To enable autoscaling, reference a ScalingPolicy resource in the Compute Pool's clusterVariant configuration. Scaling policies define utilization thresholds, scaling durations, resource bounds, and cooldown periods.
spec:
clusterVariant:
dedicated:
scalingPolicyRef:
name: my-scaling-policy
namespace: default
Scaling Behavior
When autoscaling is enabled, PaletteAI continuously monitors resource utilization and makes scaling decisions based on sustained metric values:
- Scale Up - Triggered when the minimum average utilization over the scale-up duration exceeds the scale-up threshold. PaletteAI adds machines to the pool and waits for them to reach
Healthystatus. - Scale Down - Triggered when the maximum average utilization over the scale-down duration falls below the scale-down threshold. PaletteAI removes machines from the pool.
- Cooldown - After a successful scaling operation, the pool enters a cooldown period to allow metrics to stabilize before the next scaling decision.
Scaling is only triggered when utilization strictly crosses the configured thresholds (not when equal to the threshold). This prevents unnecessary scaling operations when utilization is at the boundary.

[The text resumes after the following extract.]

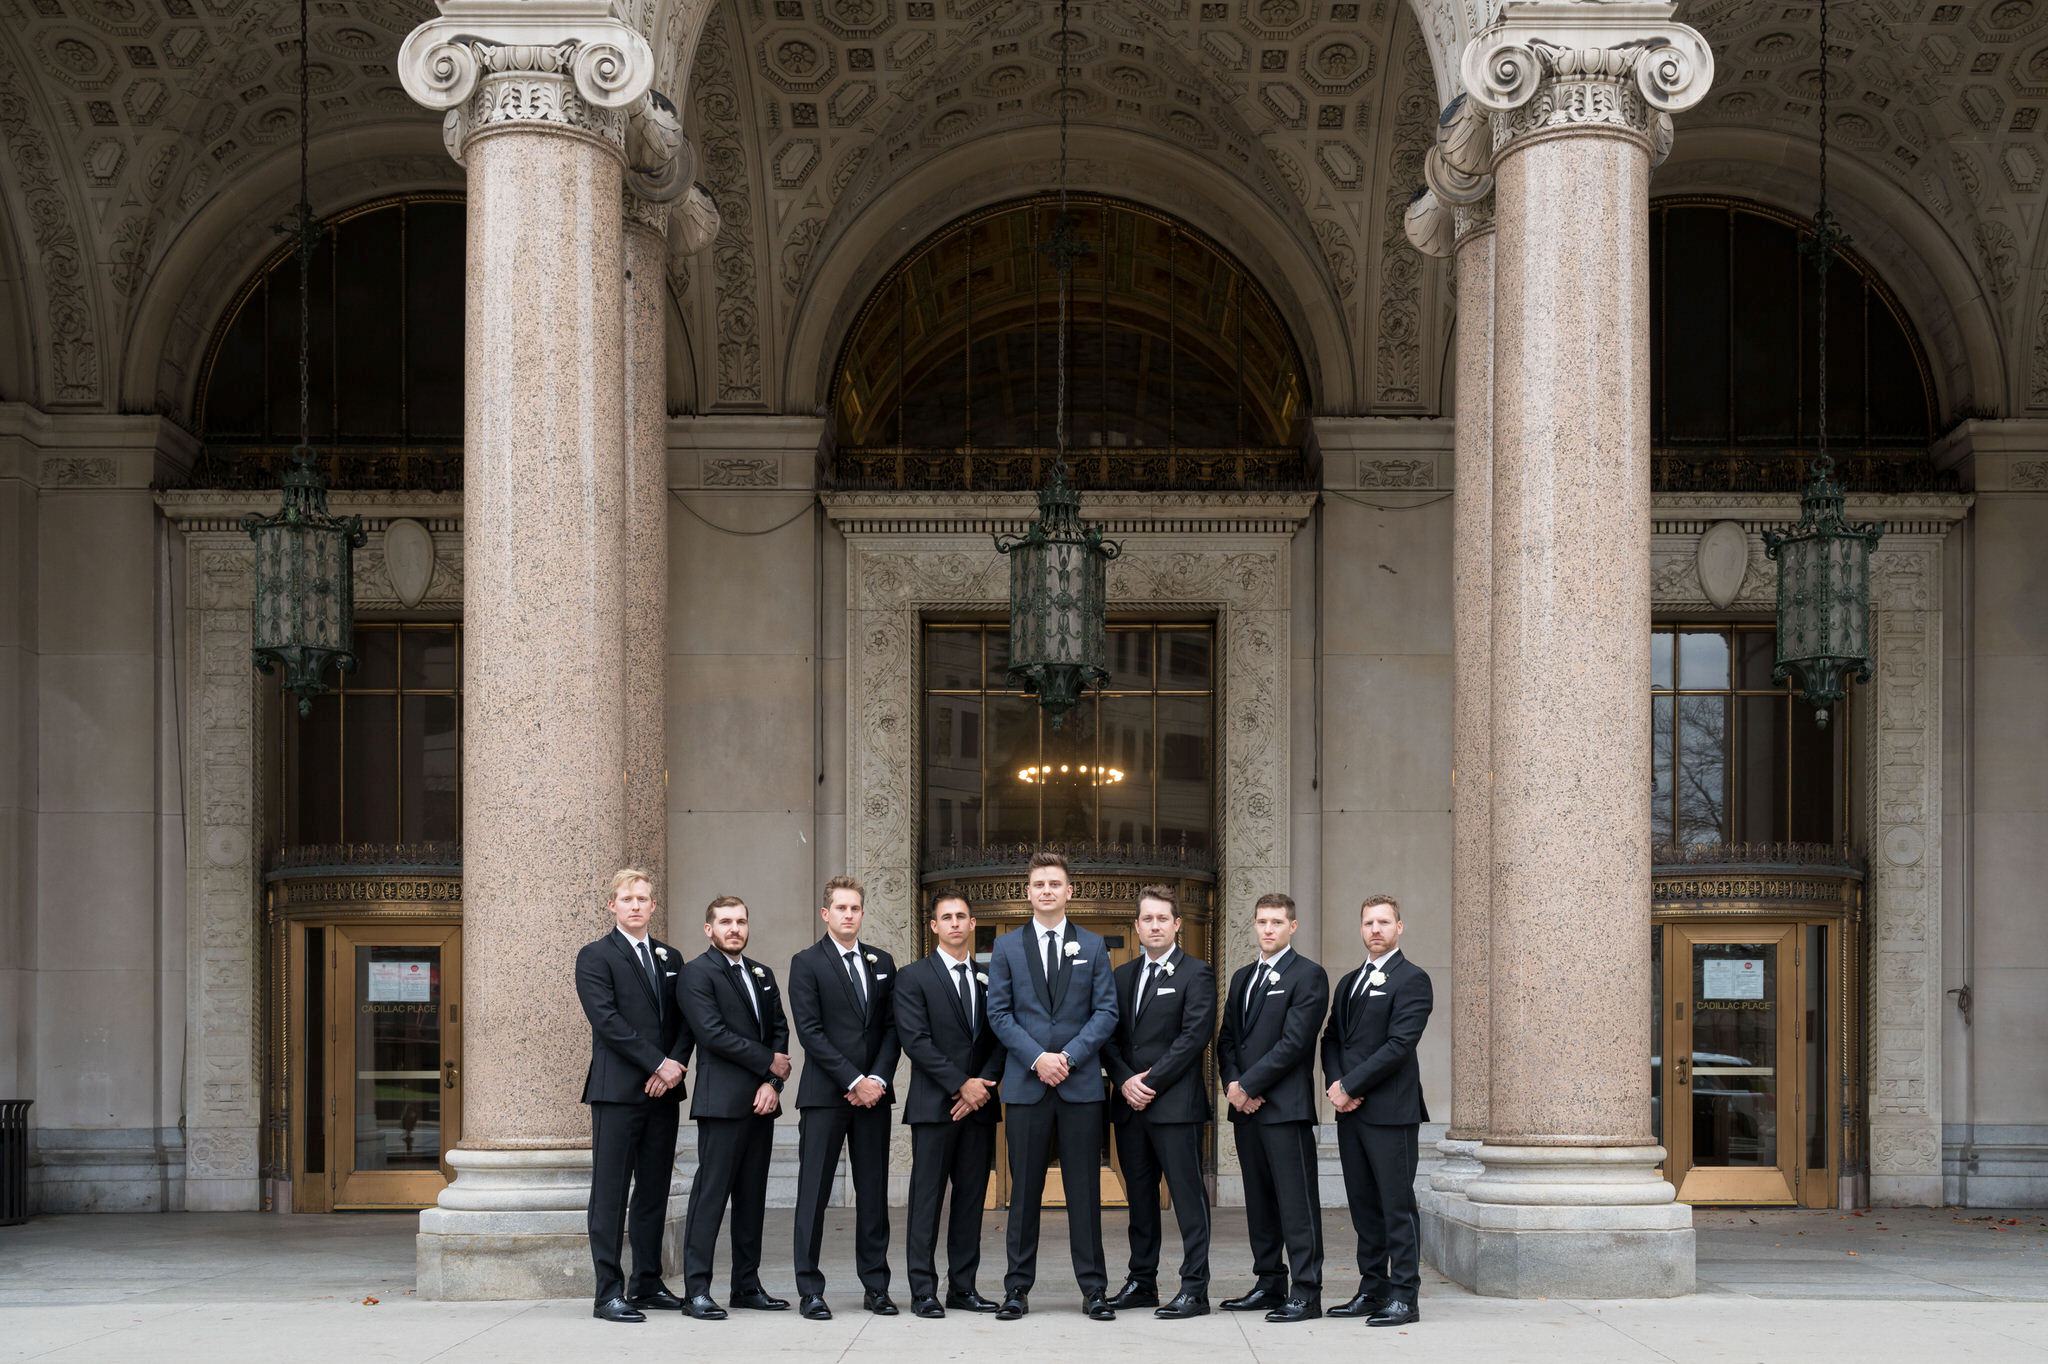 Groomsmen pose in front of the Cadillac Place apartments in Detroit, MI.

PaletteAI tracks the status of each scaling action in the ComputePoolEvaluation resource. Host status transitions through Provisioning, Healthy, Unhealthy, Failed, or Deleting states during scaling operations.

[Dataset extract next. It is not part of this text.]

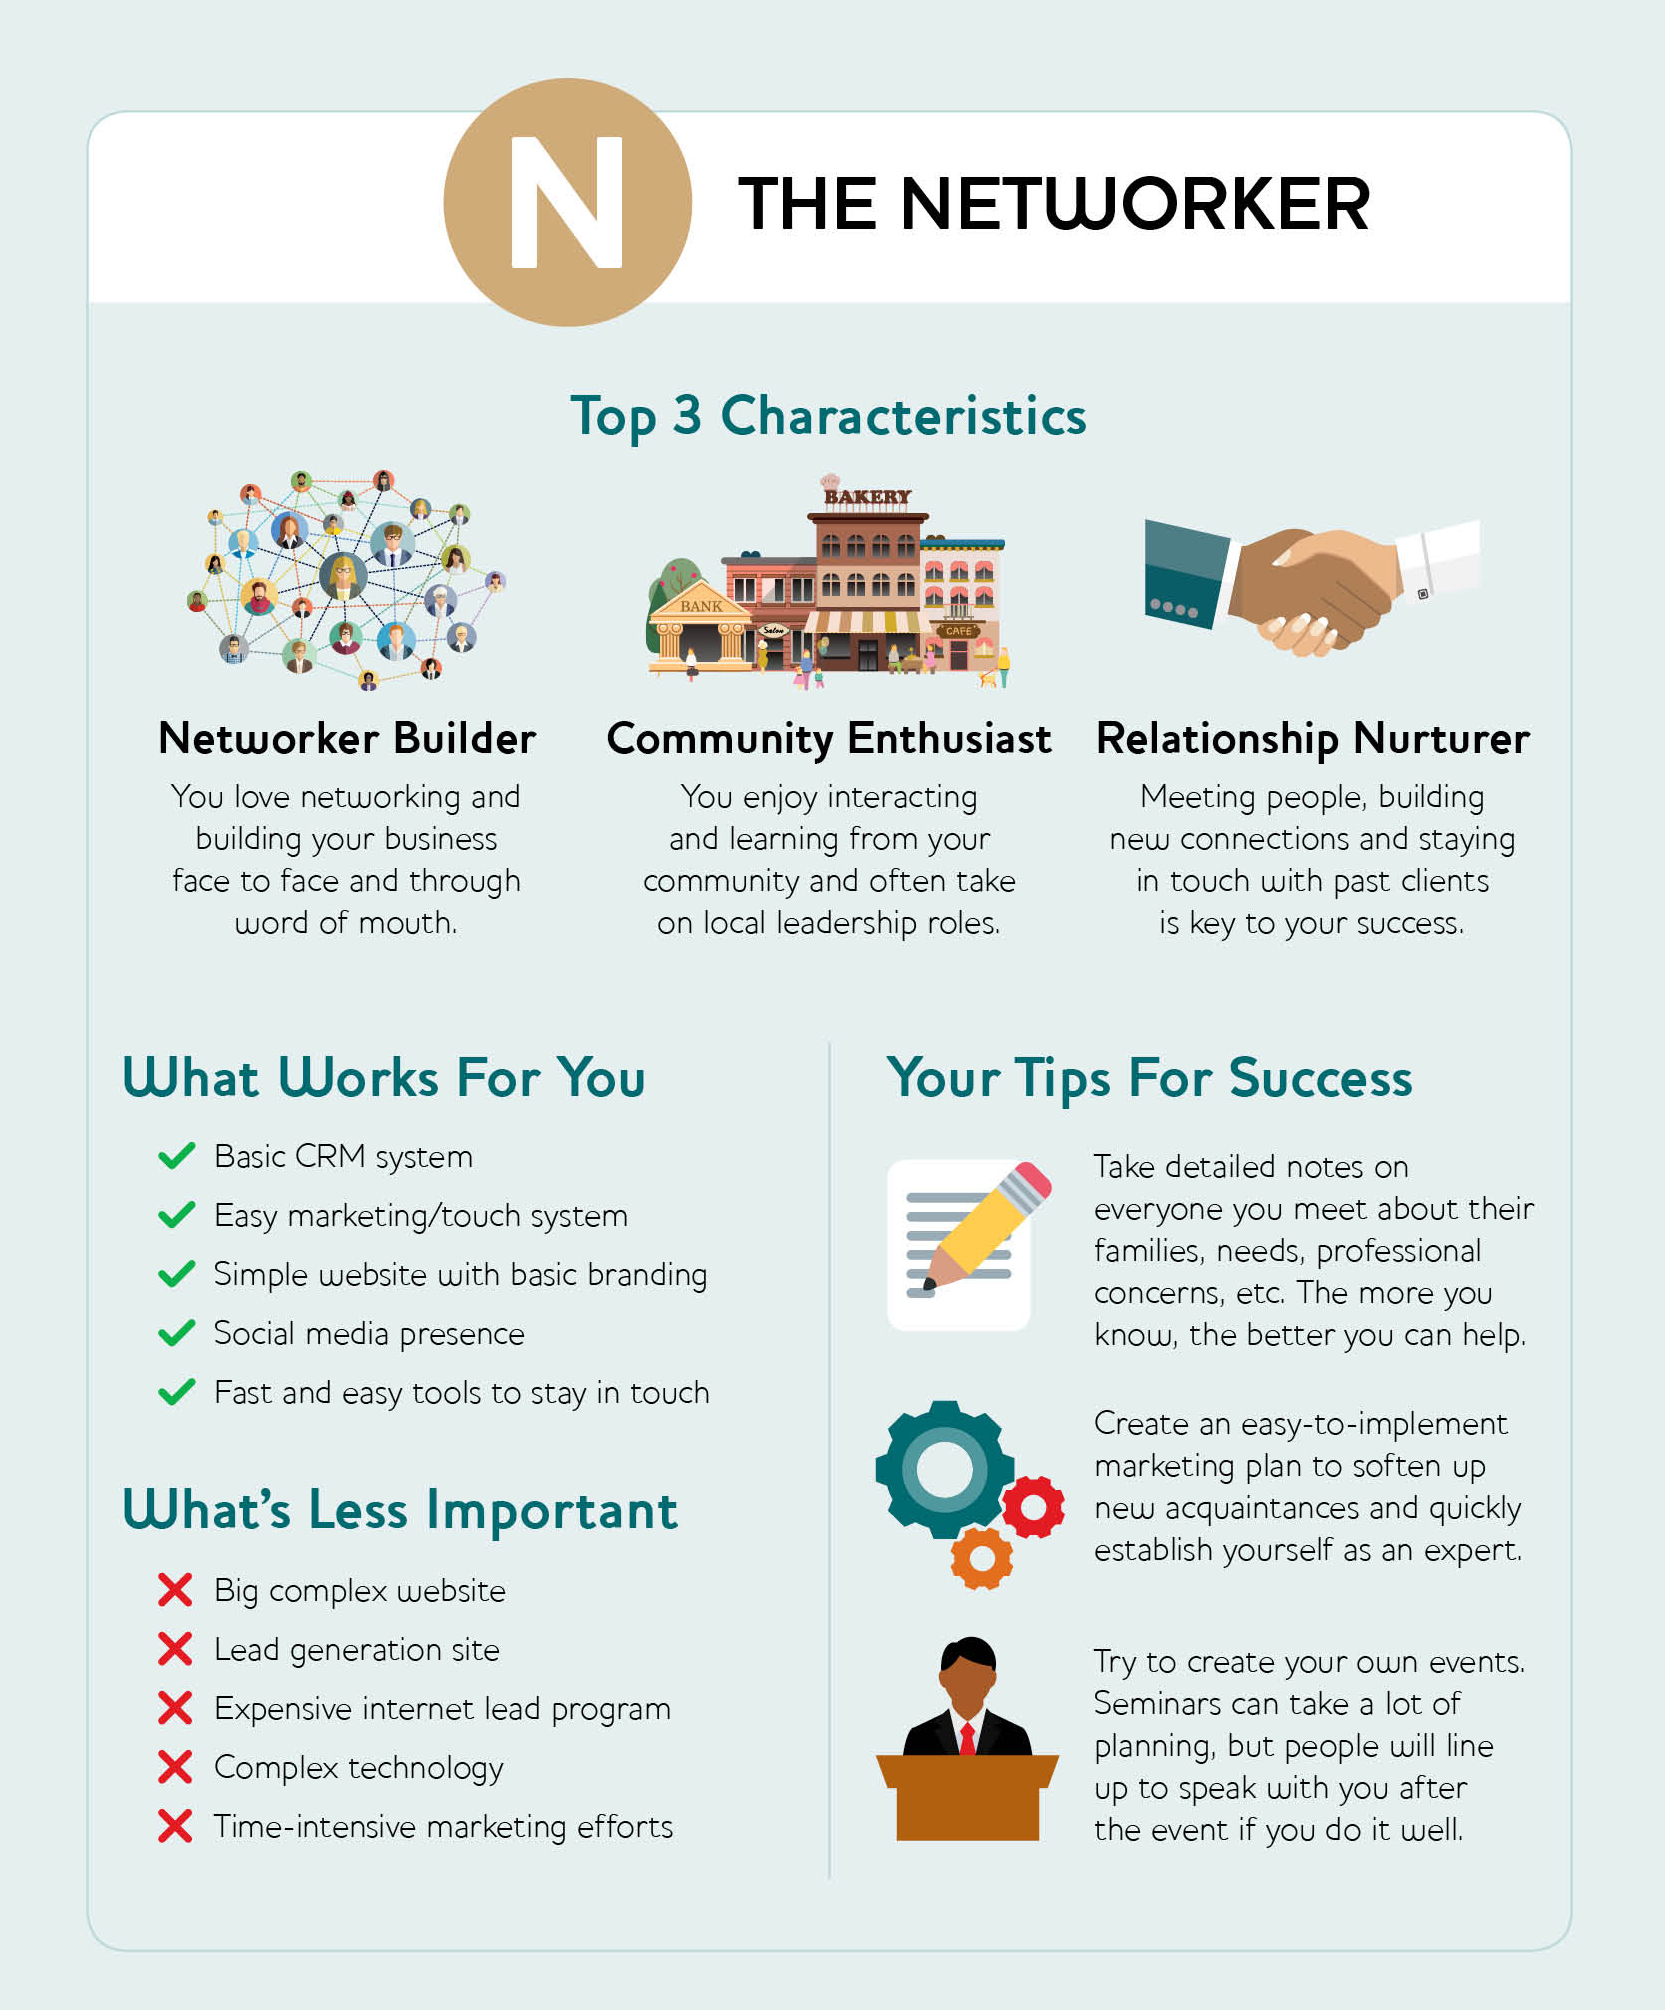 infographic: the networker -- 3 main characteristics, what works best, tips for success

If a scale-up operation does not complete within the configured abort duration, PaletteAI aborts the operation by removing pending nodes that have not reached Healthy status. Successfully provisioned nodes are retained, and the pool transitions to a cooldown period. Scale-down operations are not aborted and continue until all node removals complete.
Scaling policies apply to both dedicated and shared Compute Pools. For more information about configuring scaling policies, refer to the ScalingPolicy CRD documentation.
Resource Groups
Resource groups let you restrict which machines a Compute Pool can use. This is useful when you need workloads to run on specific hardware, such as machines in a particular network zone or with high-performance storage.
To use resource groups, tag your machines in Palette with labels that begin with palette.ai.rg/. For example, palette.ai.rg/network-pool: '1' or palette.ai.rg/storage-tier: 'high-performance'. Then specify the same labels in the controlPlaneResourceGroups or workerResourceGroups fields in your ComputePool resource.
spec:
clusterVariant:
controlPlaneResourceGroups:
network-pool: '1'
workerResourceGroups:
storage-tier: 'high-performance'
The key-value pair in palette.ai.rg/<key>: "<value>" assigned to the machine must match the key-value pair defined in the Compute Pool in order for the machine to be added to the Compute Pool.
For single-node clusters (where singleNodeCluster is set to true in the control plane configuration), worker pool host selection uses controlPlaneResourceGroups instead of workerResourceGroups. This ensures that the single node selected for both control plane and worker roles matches the control plane resource group constraints.
Permissions
Compute Pool operations are controlled by role-based access control (RBAC) permissions. Depending on your role, a read-only view may be displayed or certain actions may be disabled.
Update Permissions
The spectrocloud.com/computepools:update permission controls your ability to:
- Edit Compute Pool settings (name, description, annotations, labels, auto-scaling policy)
- Modify the profile bundle associated with the Compute Pool
Users without this permission can view Compute Pool details and configuration but cannot modify settings or profile bundles. When viewing a Compute Pool without update permissions, a read-only view will be displayed. The Save and Discard buttons are not displayed when viewing profile bundles without the required permission.
Delete Permissions
The spectrocloud.com/computepools:delete permission controls your ability to delete Compute Pools. The Delete Compute Pool option is not displayed in the Settings menu for users without this permission.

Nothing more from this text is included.